Lawless you will loose lots of "style" points wearing a modern pro team jersey much less a TdF leaders jersey. OTOH wearing a very old team jersey can be "cool".


----------



## Lawless517 (Jul 12, 2013)

I appreciate your opinion, but I've worked for 2 weeks to get the money to buy the jersey. If I see one I'm buying it. I'm not a fashion show on a bike, I'm a kid who's inspired by a strong rider. I would however like a molteni jersey, but I don't have $80-$100 to spend on one. Anybody know where to get one of those for a decent price?


----------



## crbeals (Oct 3, 2012)

Here ya go
Motobecane USA Cycling Jerseys for road biking or mountain bike and riding


----------



## Schneiderguy (Jan 9, 2005)

Lawless517 said:


> I appreciate your opinion, but I've worked for 2 weeks to get the money to buy the jersey. If I see one I'm buying it. I'm not a fashion show on a bike, I'm a kid who's inspired by a strong rider. I would however like a molteni jersey, but I don't have $80-$100 to spend on one. Anybody know where to get one of those for a decent price?

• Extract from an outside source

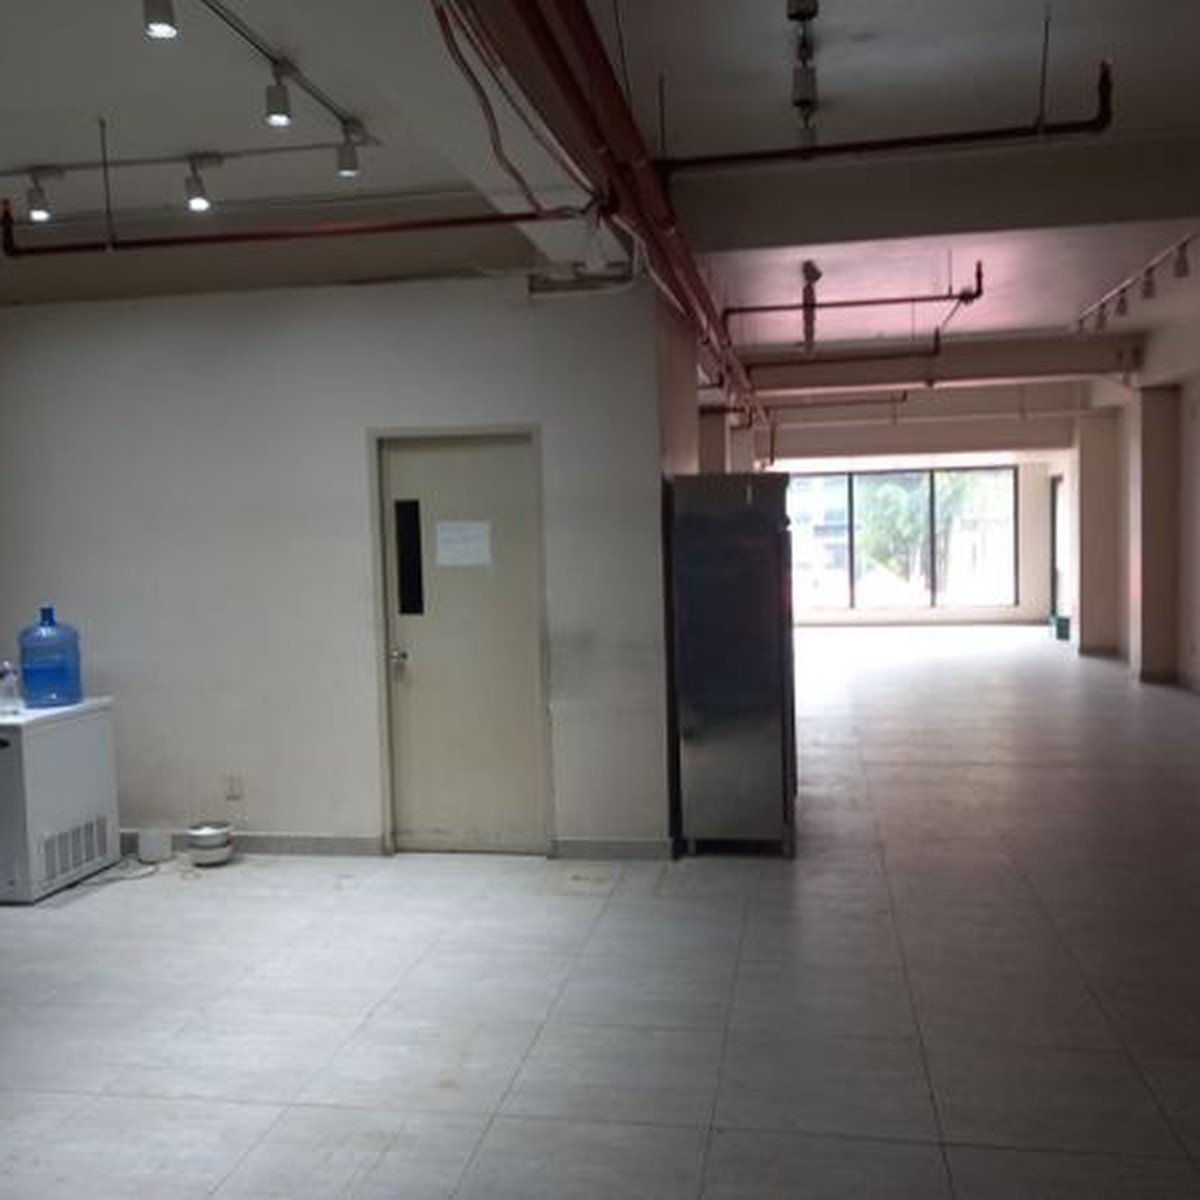 Ground Floor Space Rent Lease Mandaluyong City Manila 220 sqm

My son just gave me a Molteni jersey for Father's Day. I will look so cool, fast and retro on my fixed gear! Looking good is much better than being fast-or so I tell myself. Of course you should buy and wear what you want. But in as much as the posting is in the Begnners Forum I though I would point out that there are a number of bikies, especially racer types or old fast ex racers who will give you a hard time and ripp your legs off for the fun of it.


----------



## Lawless517 (Jul 12, 2013)

Well would it be "cooler" to have that or a pearl izumi type jersey?


----------



## Kerry Irons (Feb 25, 2002)

Lawless517 said:


> I appreciate your opinion, but I've worked for 2 weeks to get the money to buy the jersey. If I see one I'm buying it. I'm not a fashion show on a bike, I'm a kid who's inspired by a strong rider. I would however like a molteni jersey, but I don't have $80-$100 to spend on one. Anybody know where to get one of those for a decent price?

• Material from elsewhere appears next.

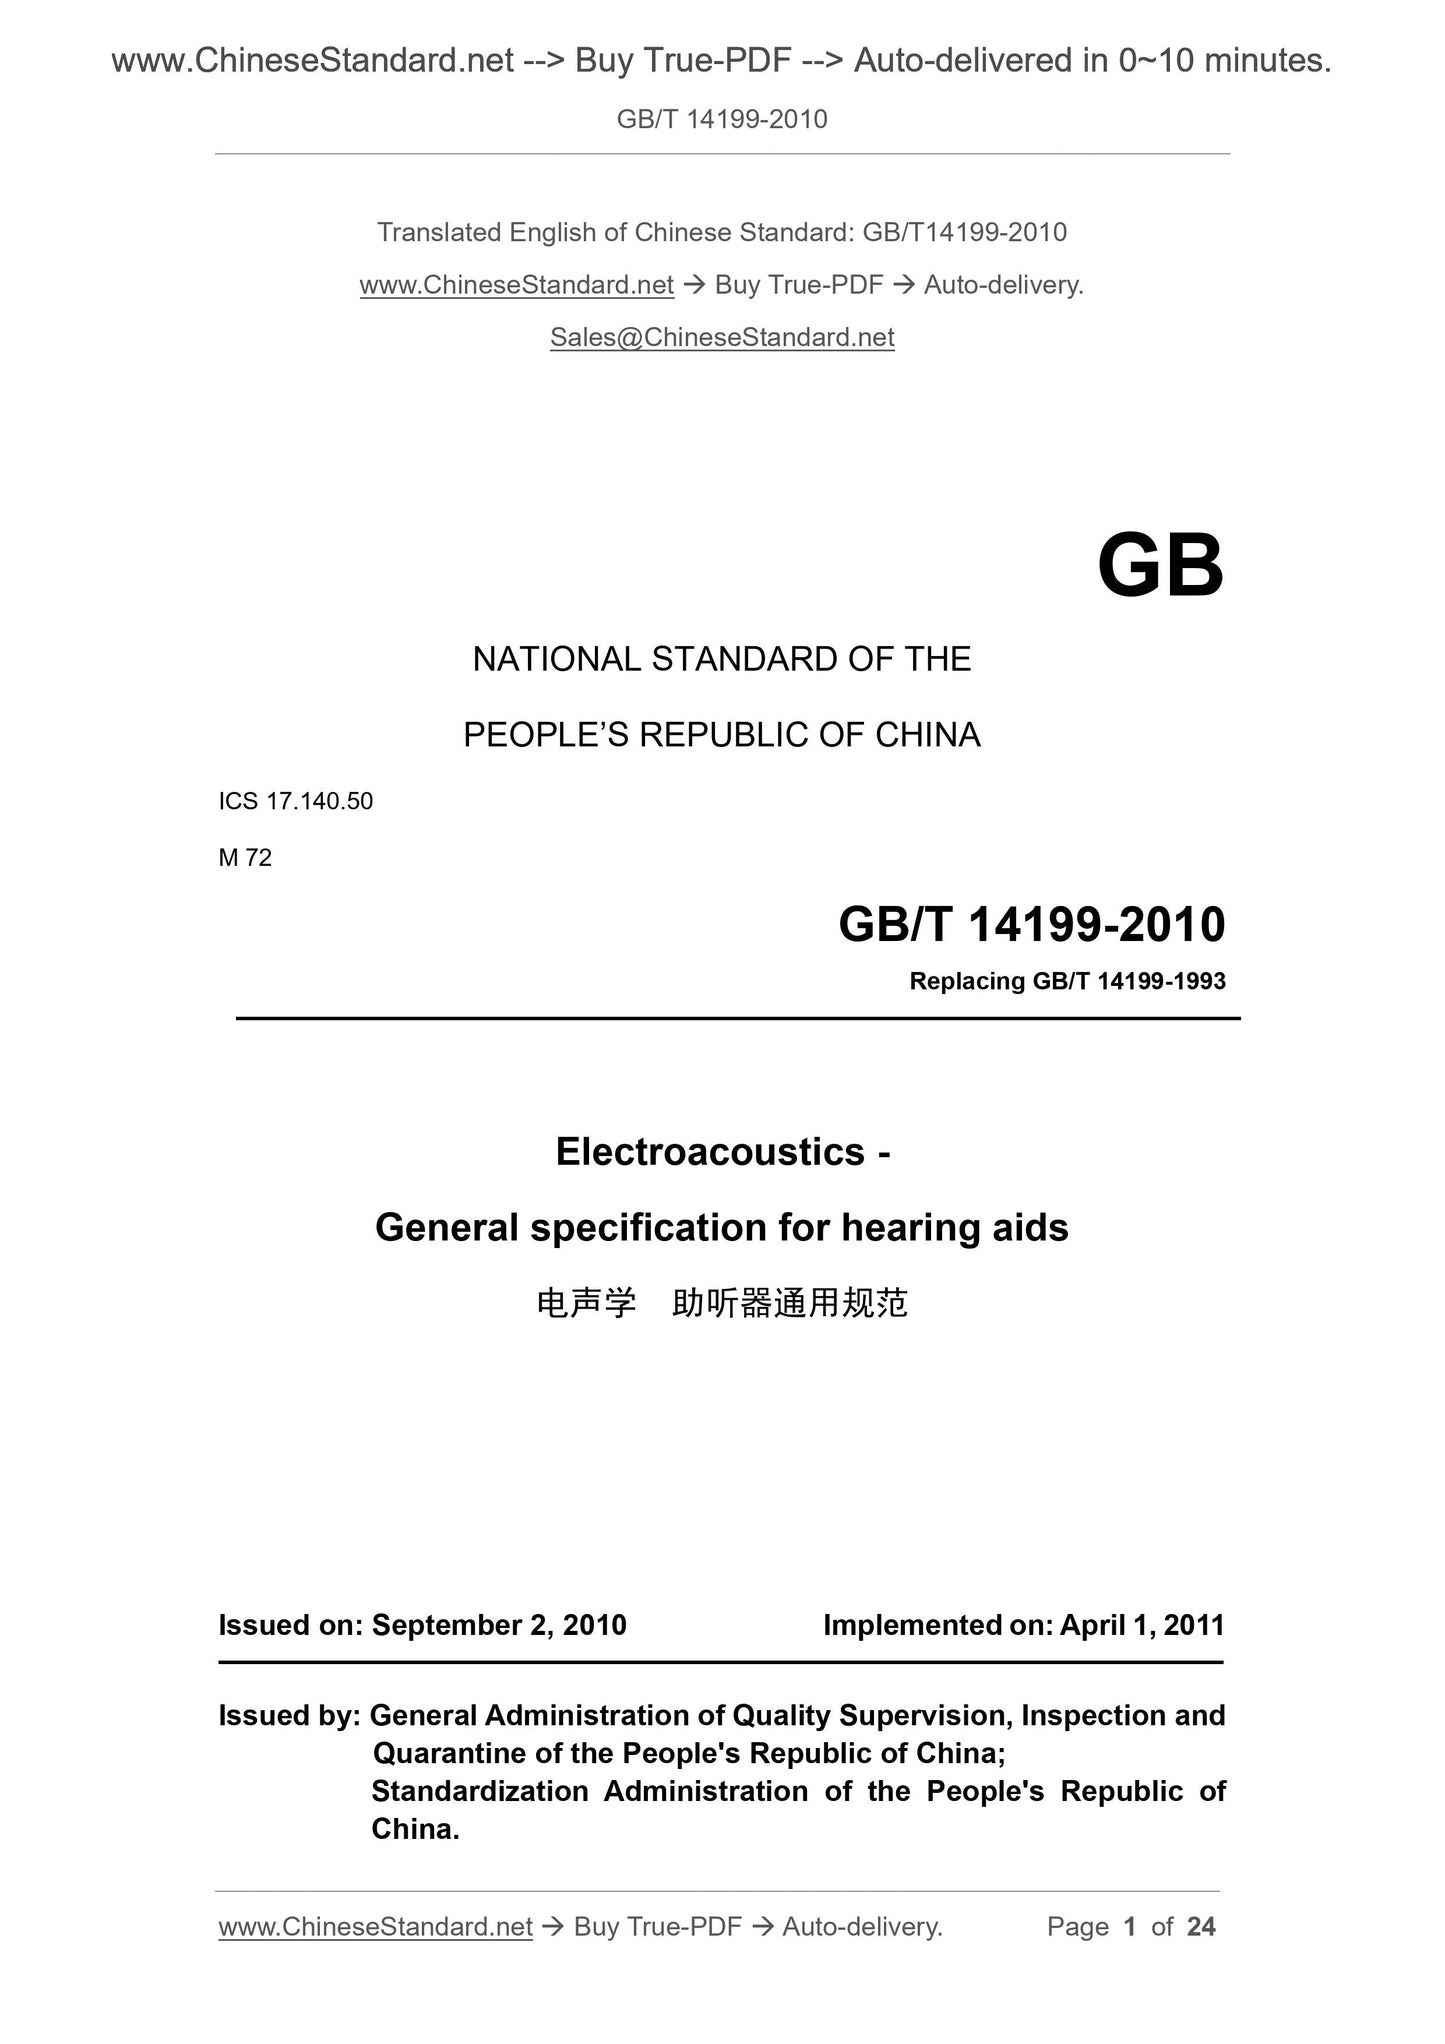 GB/T 14199-2010 Page 1

So what jersey are you looking for? A Movistar team jersey is readily available. A Best Young Rider jersey with a Movistar logo likely will never be available. As I noted above, Movistar jerseys are easy to find.


----------



## Lawless517 (Jul 12, 2013)

Molteni


----------



## Schneiderguy (Jan 9, 2005)

Lawless517 said:


> Molteni


+1. My son got mine off Ebay new from a seller in Ireland.


----------



## Salsa_Lover (Jul 6, 2008)

4 things to say about this

1. The "rule" about not wearing team kits is an US-Only made up thing, here in Europe you wear whatever jersey you want.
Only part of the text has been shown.